- Opening Delimiter -

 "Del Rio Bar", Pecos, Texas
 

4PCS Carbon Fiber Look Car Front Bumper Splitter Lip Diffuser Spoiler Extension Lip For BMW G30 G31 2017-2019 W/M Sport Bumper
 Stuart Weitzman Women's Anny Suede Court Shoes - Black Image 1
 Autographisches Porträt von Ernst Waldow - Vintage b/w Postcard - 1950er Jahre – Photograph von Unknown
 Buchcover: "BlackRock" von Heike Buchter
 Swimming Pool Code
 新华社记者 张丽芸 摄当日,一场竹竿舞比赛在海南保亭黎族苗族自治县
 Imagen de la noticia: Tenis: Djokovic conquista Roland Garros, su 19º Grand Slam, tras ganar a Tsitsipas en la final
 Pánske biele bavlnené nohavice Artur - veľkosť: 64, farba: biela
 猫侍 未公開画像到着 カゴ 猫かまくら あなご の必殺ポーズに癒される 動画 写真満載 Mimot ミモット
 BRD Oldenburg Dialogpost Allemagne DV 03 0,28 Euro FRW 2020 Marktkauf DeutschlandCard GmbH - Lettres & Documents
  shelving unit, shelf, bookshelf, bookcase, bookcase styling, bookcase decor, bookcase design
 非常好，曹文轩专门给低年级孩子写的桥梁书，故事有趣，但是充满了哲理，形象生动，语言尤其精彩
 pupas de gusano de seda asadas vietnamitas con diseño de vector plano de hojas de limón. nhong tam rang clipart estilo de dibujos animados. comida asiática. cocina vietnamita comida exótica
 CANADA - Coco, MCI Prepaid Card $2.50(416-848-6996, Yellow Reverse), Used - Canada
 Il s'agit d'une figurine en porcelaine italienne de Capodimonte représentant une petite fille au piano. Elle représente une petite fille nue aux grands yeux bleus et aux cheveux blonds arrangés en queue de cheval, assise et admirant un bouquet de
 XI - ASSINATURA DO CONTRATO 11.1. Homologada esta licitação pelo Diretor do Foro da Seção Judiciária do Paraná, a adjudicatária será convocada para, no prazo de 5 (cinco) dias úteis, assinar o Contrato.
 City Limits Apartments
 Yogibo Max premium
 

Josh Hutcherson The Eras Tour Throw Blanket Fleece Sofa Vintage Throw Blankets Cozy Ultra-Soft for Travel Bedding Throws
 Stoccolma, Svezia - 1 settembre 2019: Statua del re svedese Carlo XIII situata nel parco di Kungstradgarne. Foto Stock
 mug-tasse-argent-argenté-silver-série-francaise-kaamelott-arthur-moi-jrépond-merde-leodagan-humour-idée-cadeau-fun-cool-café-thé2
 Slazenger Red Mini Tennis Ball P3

- Closing Delimiter -

> **Exercise details**:
Gather from the entries above all lines that include the string "Vintage".

> **Answer box**:
 Autographisches Porträt von Ernst Waldow - Vintage b/w Postcard - 1950er Jahre – Photograph von Unknown
Josh Hutcherson The Eras Tour Throw Blanket Fleece Sofa Vintage Throw Blankets Cozy Ultra-Soft for Travel Bedding Throws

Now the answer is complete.